■ **What is expected**: From the records below, print only the part that opens with the line containing "故宫产品设计,中国风原创文化产品" and closes with the line containing "液体とニオイが漏れない バルブ付き密閉ホーロー保存容器 深型・小"; omit the pictures.

■ **Input for this task**:

────────────────────────────────────────

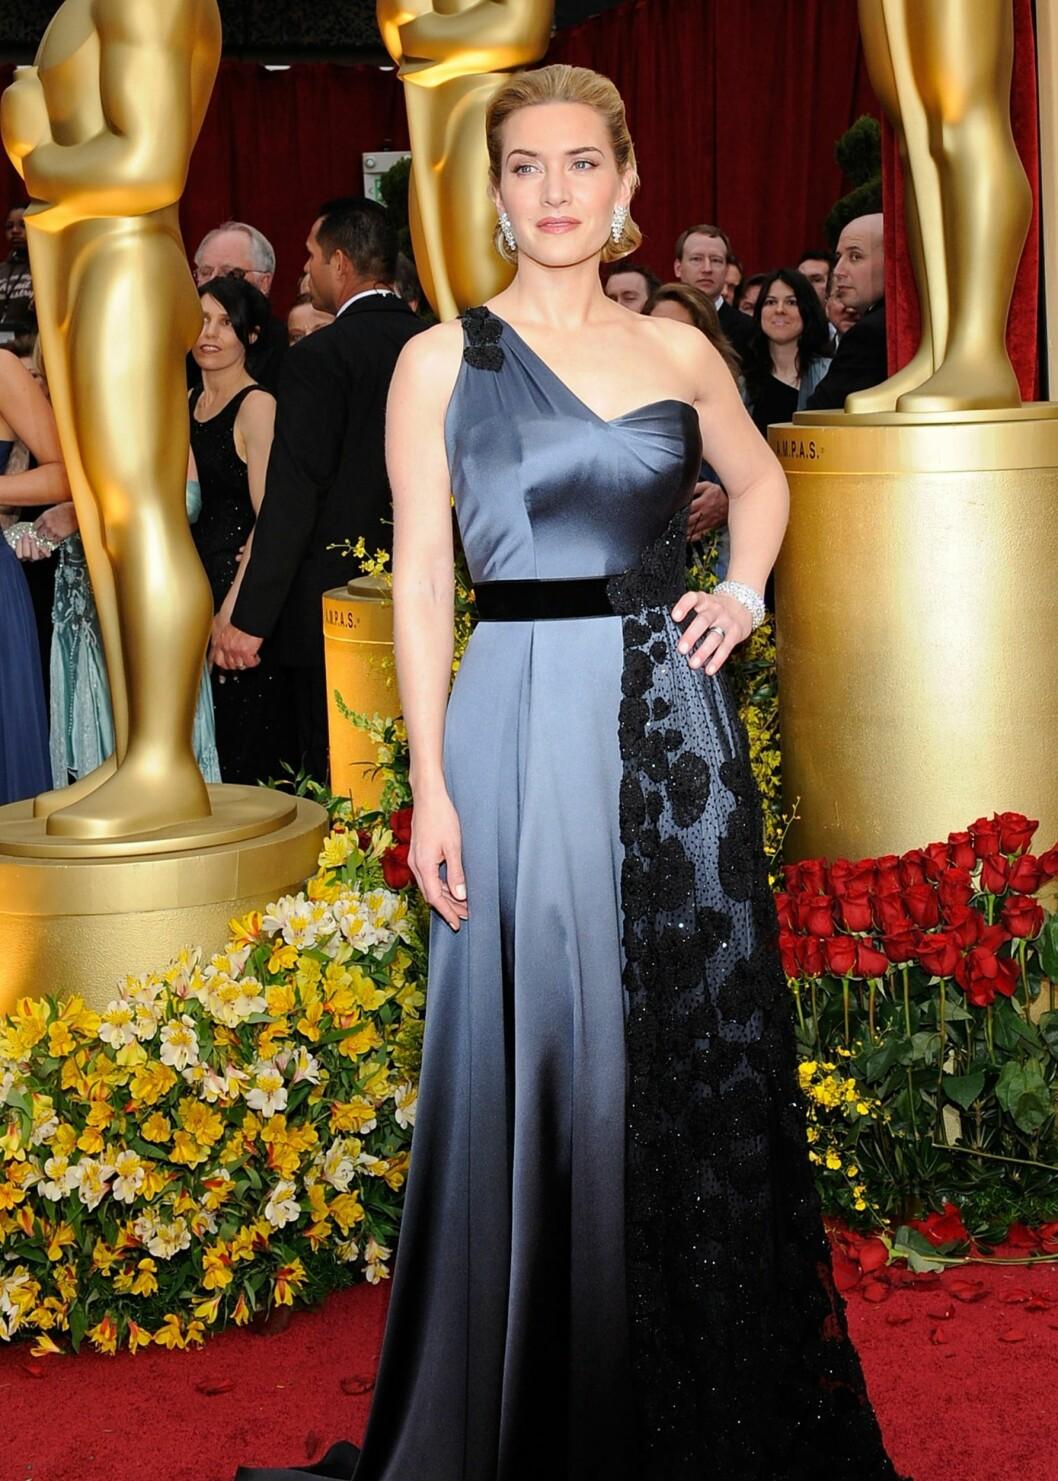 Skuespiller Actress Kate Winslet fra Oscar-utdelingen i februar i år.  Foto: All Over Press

────────────────────────────────────────

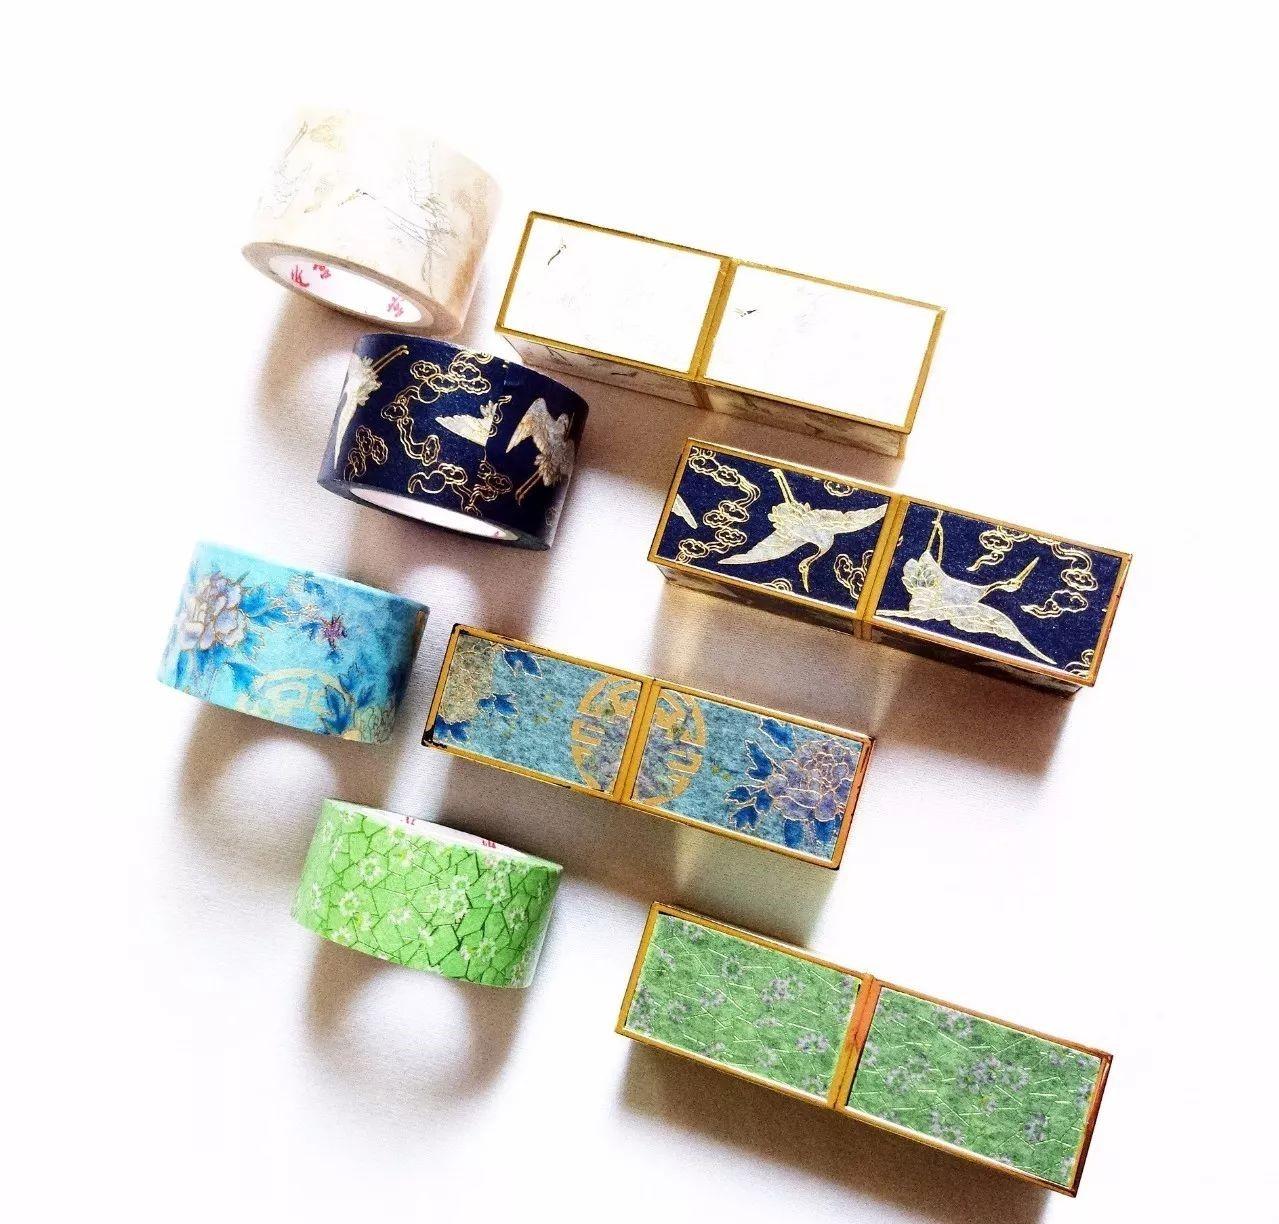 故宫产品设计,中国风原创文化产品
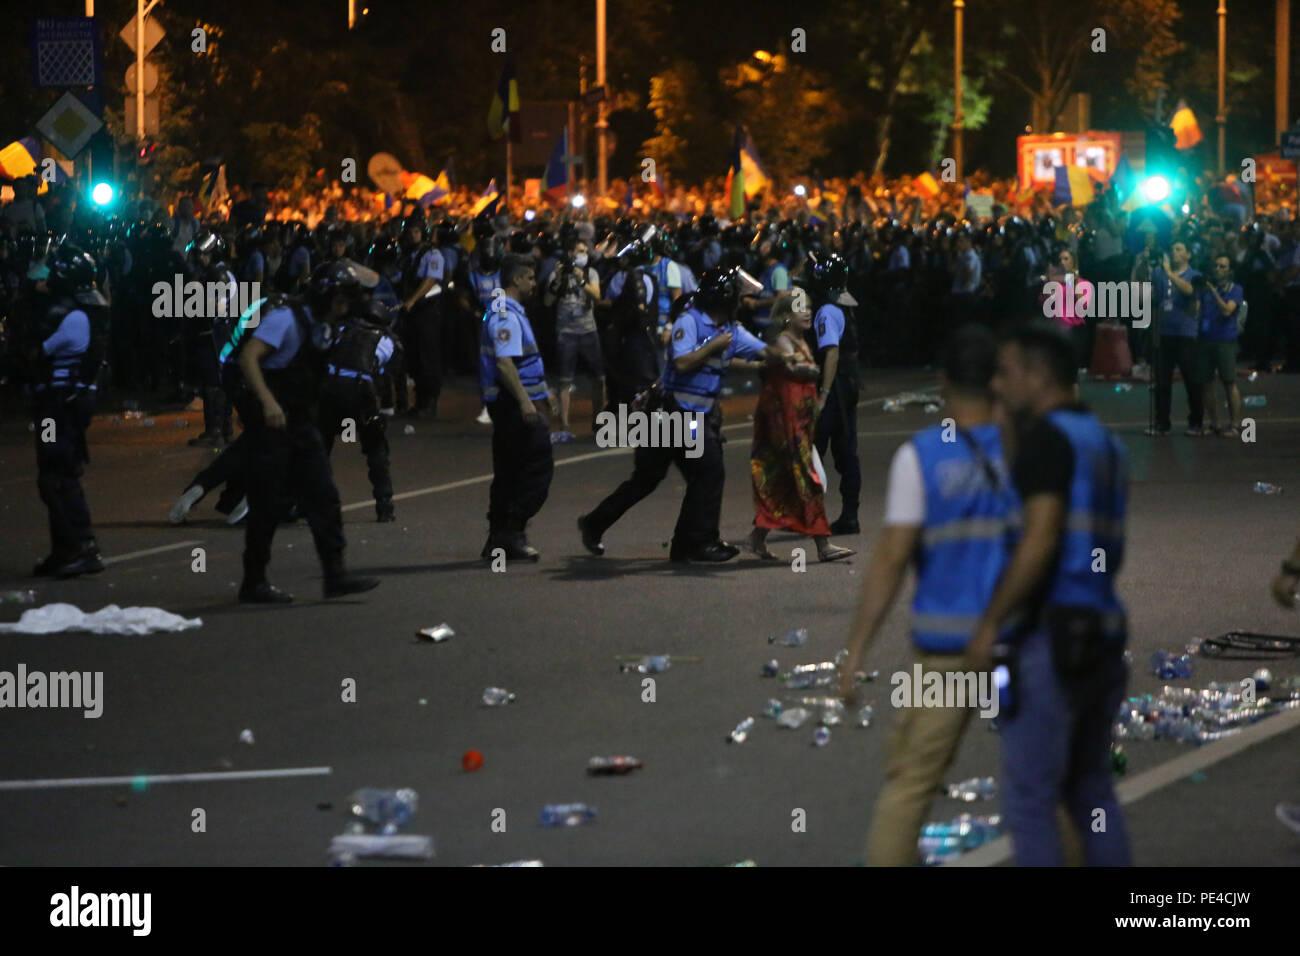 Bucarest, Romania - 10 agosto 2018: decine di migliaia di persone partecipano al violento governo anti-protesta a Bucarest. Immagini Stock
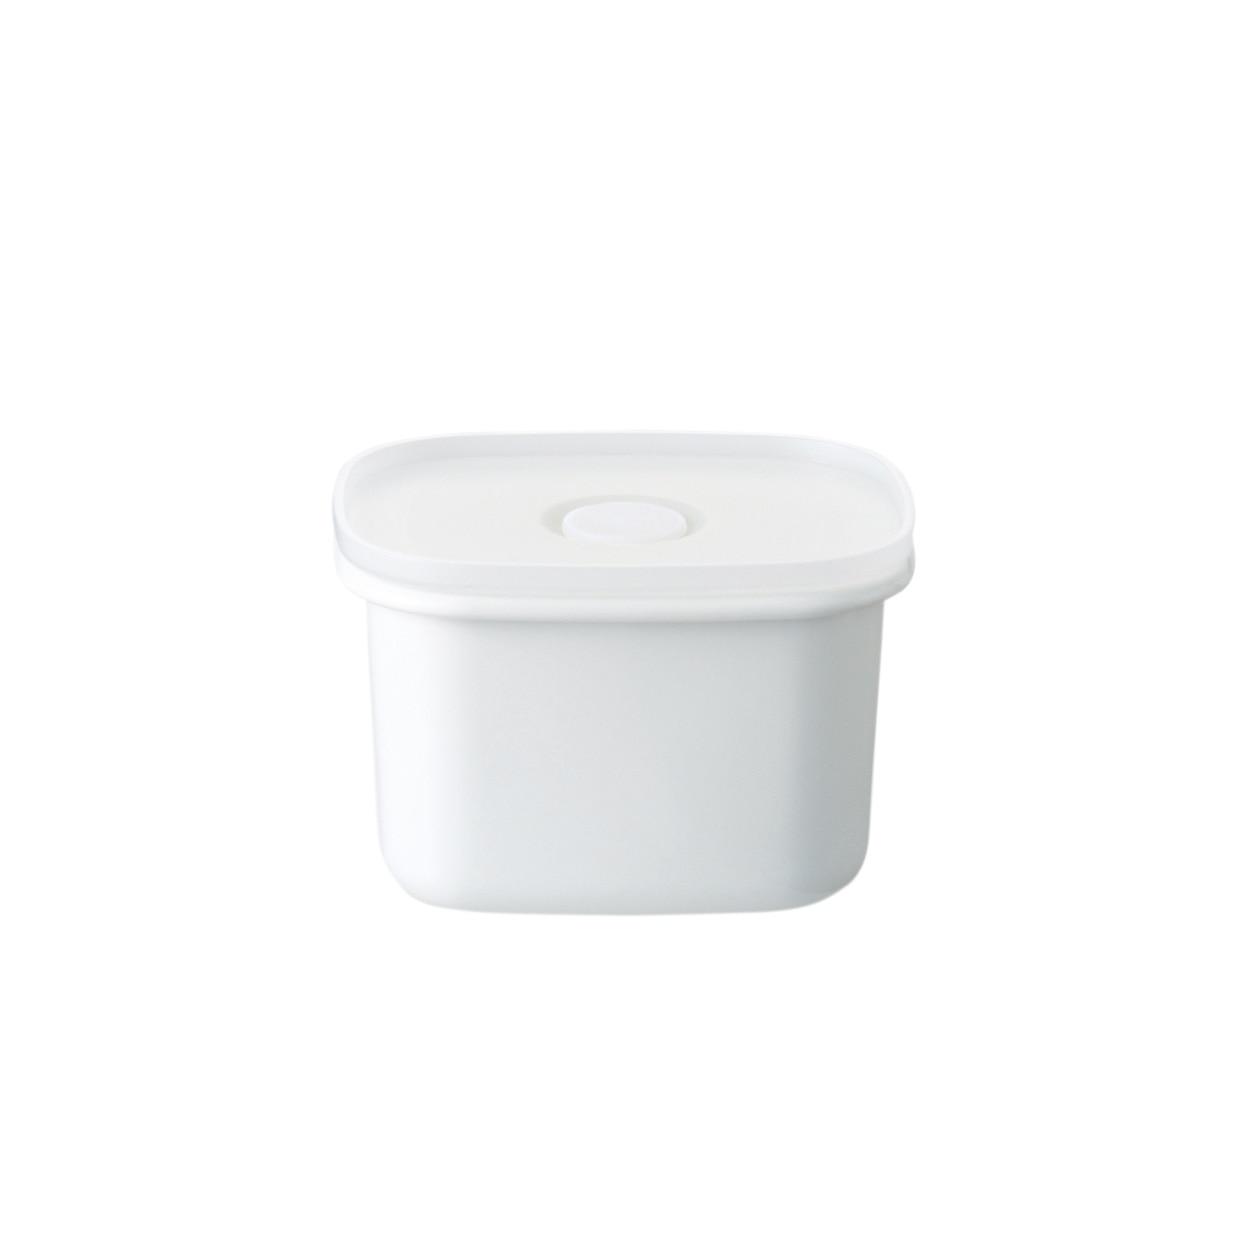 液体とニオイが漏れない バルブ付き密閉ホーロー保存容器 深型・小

────────────────────────────────────────

■ **Answer to this problem**:
 故宫产品设计,中国风原创文化产品
 Bucarest, Romania - 10 agosto 2018: decine di migliaia di persone partecipano al violento governo anti-protesta a Bucarest. Immagini Stock
 液体とニオイが漏れない バルブ付き密閉ホーロー保存容器 深型・小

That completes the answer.